Showing posts with label marriage. Show all posts
Showing posts with label marriage. Show all posts

Thursday, March 20, 2025

Abigail and Alexa Save The Wedding by Lian Dolan

Abigail and Alexa Save The Wedding
by Lian Dolan
288 pages
Published May 2025
My copy courtesy of the publisher in exchange for an honest review

Publisher's Summary: 
Penelope and Chase make a lovely couple. She’s a bubbly Southern California girl with killer work ethic. Chase is smart and charming and has political aspirations. They’re planning a spectacular California wedding, wrapped in peonies and thousands of little white lights, soaked in custom cocktails and romantic hashtags. Everyone’s excited about Penny and Chase’s wedding­­­­­­—except their mothers.

The Mother of the Bride, suave Greek-born Alexa Diamandis, doesn’t understand why any woman would get married. Ever! Raised in Athens and now perfectly situated in sun-splashed Montecito, California, she raised Penny as single mother by choice, supported by Lord Simon Fox, her old college friend who just happens to be an English aristocrat, and a wealthy circle of lady friends who call themselves the Merry Widows.


The Mother of the Groom, Abigail Blakeman, is a garden club stalwart firmly planted in coastal Connecticut. She thinks the whole enterprise would be so much easier if the wedding was at their golf club. Especially because the Blakeman’s fortunes have taken a turn for the worse—not that you would ever know it by looking at Abigail. Keeping up appearances is exhausting, but it is everything.  

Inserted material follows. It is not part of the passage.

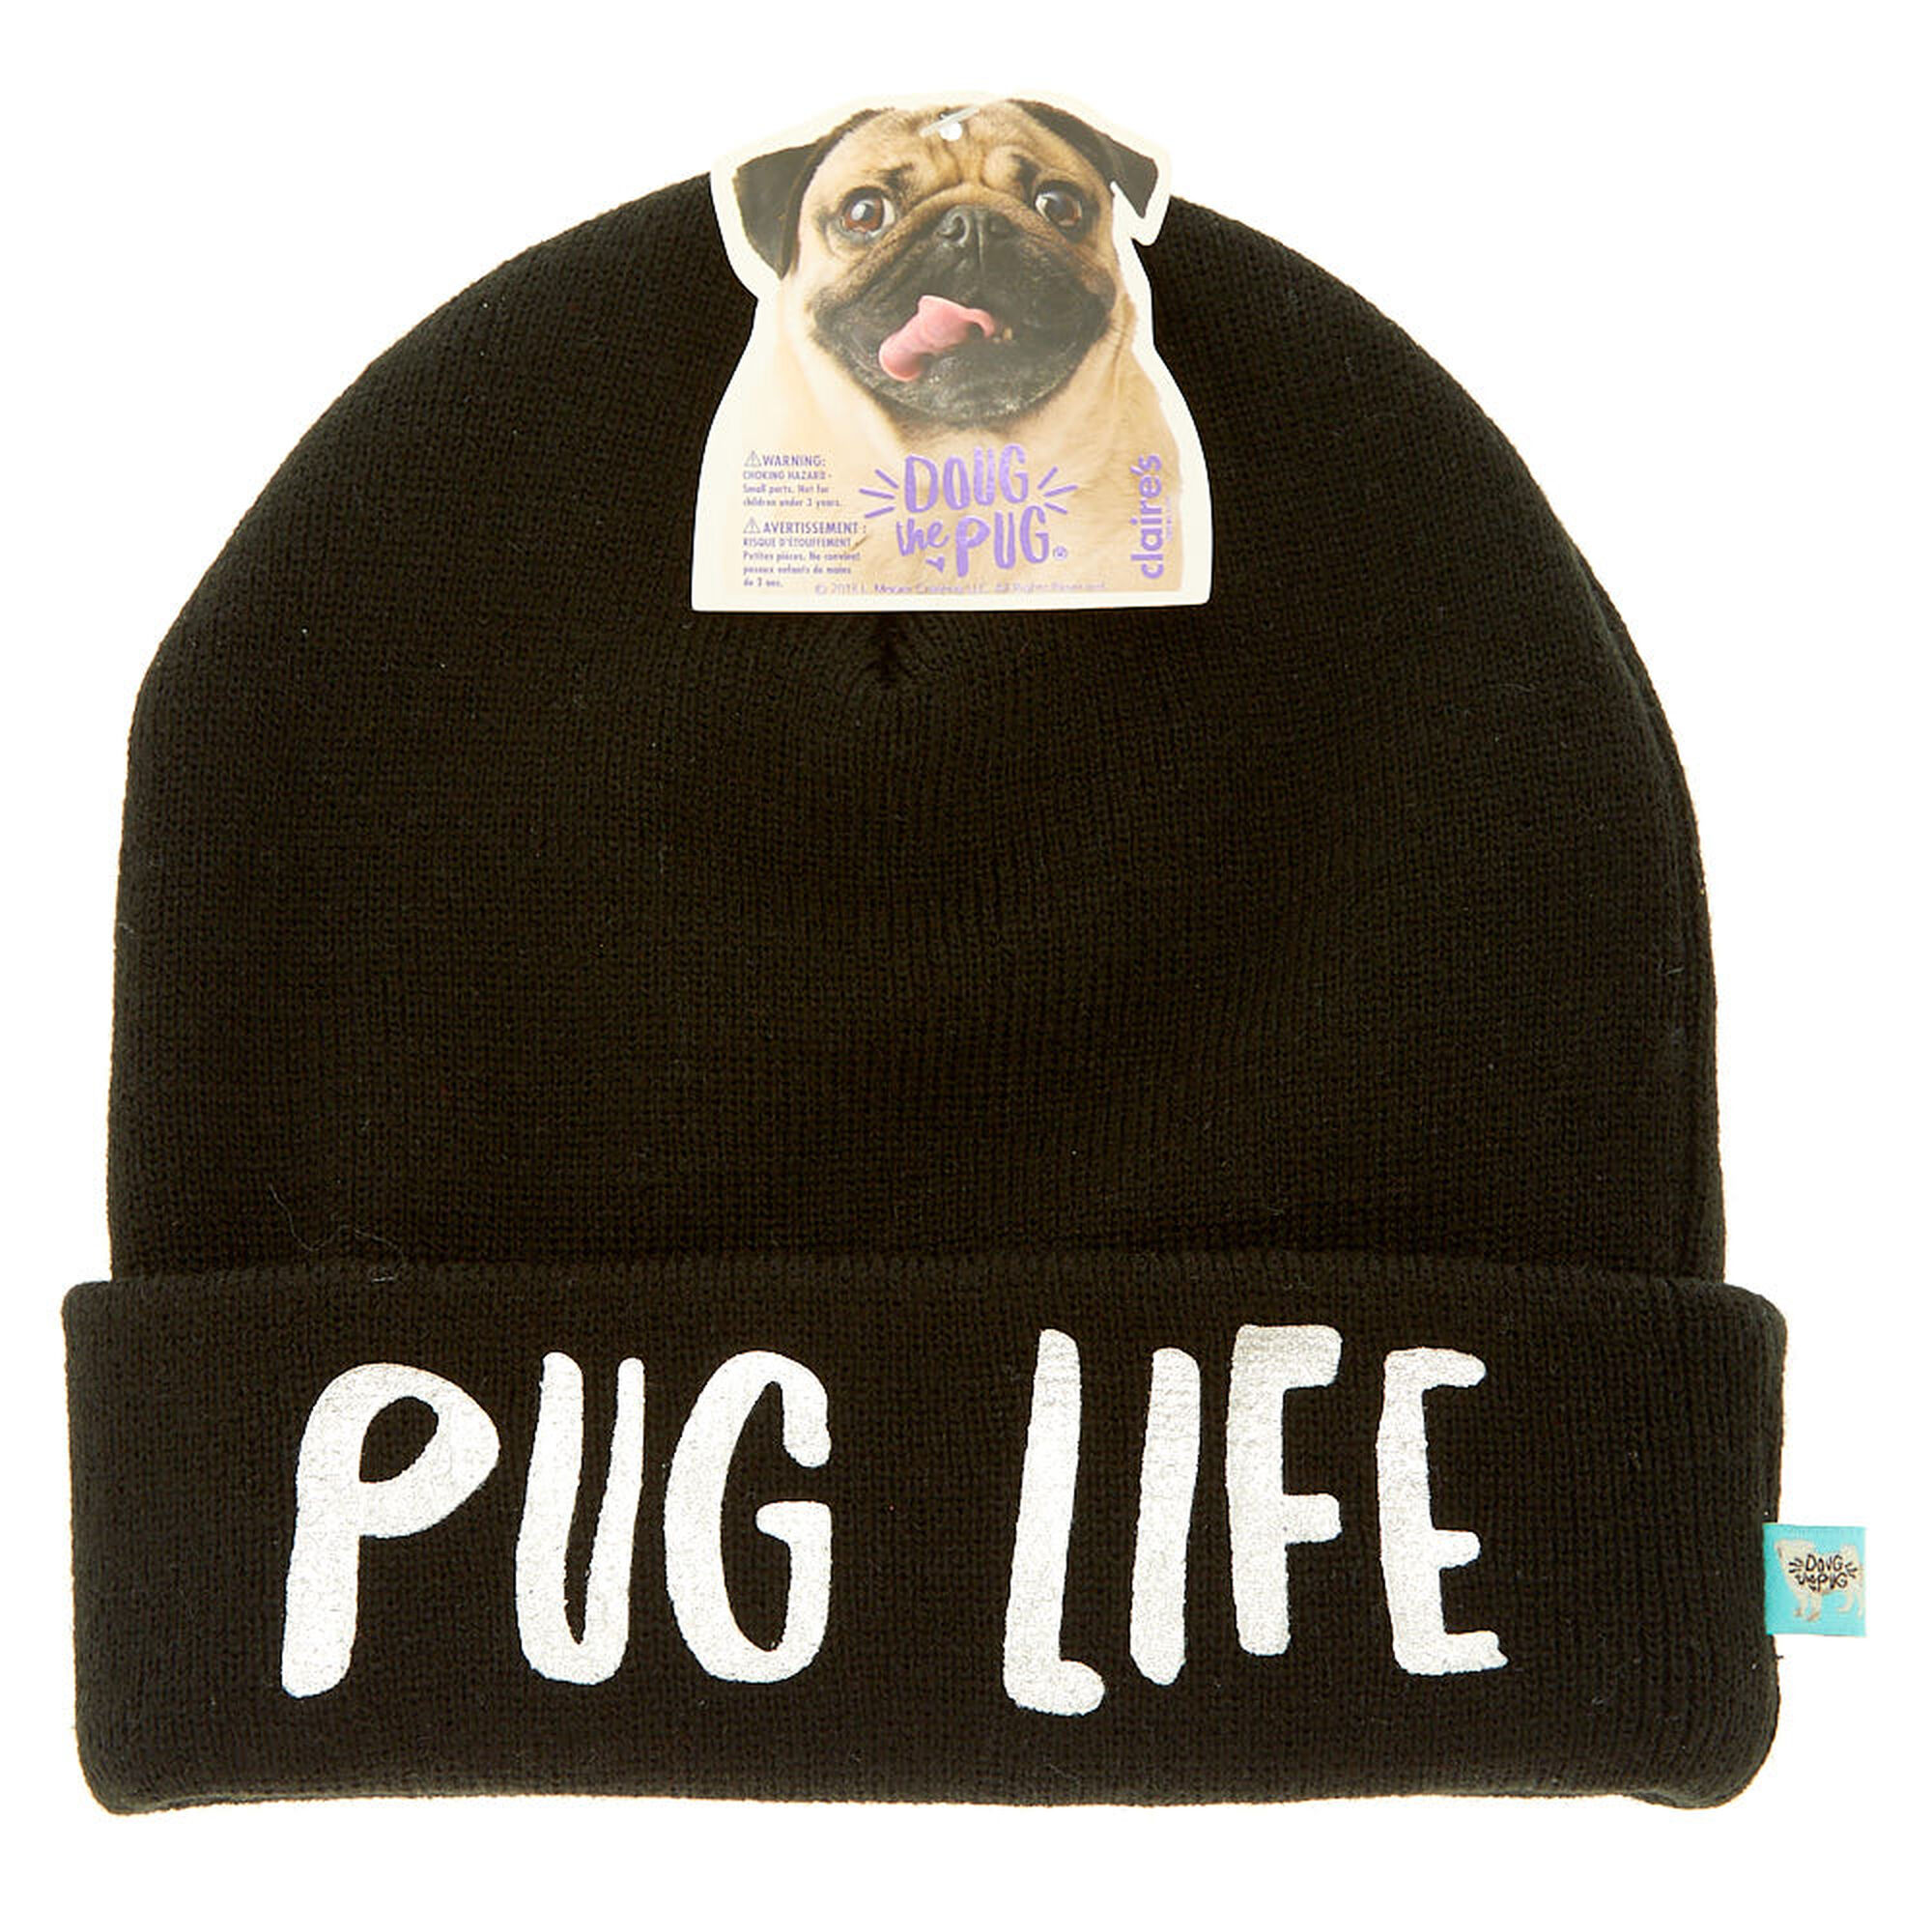 Doug The Pug reg  Pug Life Beanie- ... 2833ee59498

But when a sudden twist of fate calls them into action, these two very different women are forced to take over the wedding planning. Despite their differences, Alexa and Abigail charge in to save the day. How far will two moms go to make their children’s dream wedding a reality?


My Thoughts: 
This is Dolan's sixth novel and I've read them all. Her last, The Marriage Sabbatical, didn't work as well for me as her others, but I never considered that I was done with her writing and I'm glad I didn't. Abigail and Alexa brings Dolan back to what enchanted me with her writing in the first place. Dolan writes with a light touch, even when she's tackling some tougher subjects, her books are focused on her female characters and all of their relationships, and her locations always come alive. 

I love the way Dolan writes relationships between women: mothers and daughters, mothers and other mothers, and especially friend groups. In this book, Alexa, through her work, has earned a place in a friend group called The Widows; these women have formed their own family and will do anything to help family (and have the means to do so!). Abigail doesn't have that kind of friend group. She's spent her life trying to live a very particular kind of life and when finances chased her to the edges of that life, it meant that she had to give up the people she'd always spent time with and now feels friendless. Fortunately, as Abigail becomes more comfortable with who she is now, she also finds she has friends she can depend on when she needs them. And when Chase and Penelope call off the wedding, just as Alexa and Abigail begin to understand each other, they will both need all of their friends and connections to get the couple back together. 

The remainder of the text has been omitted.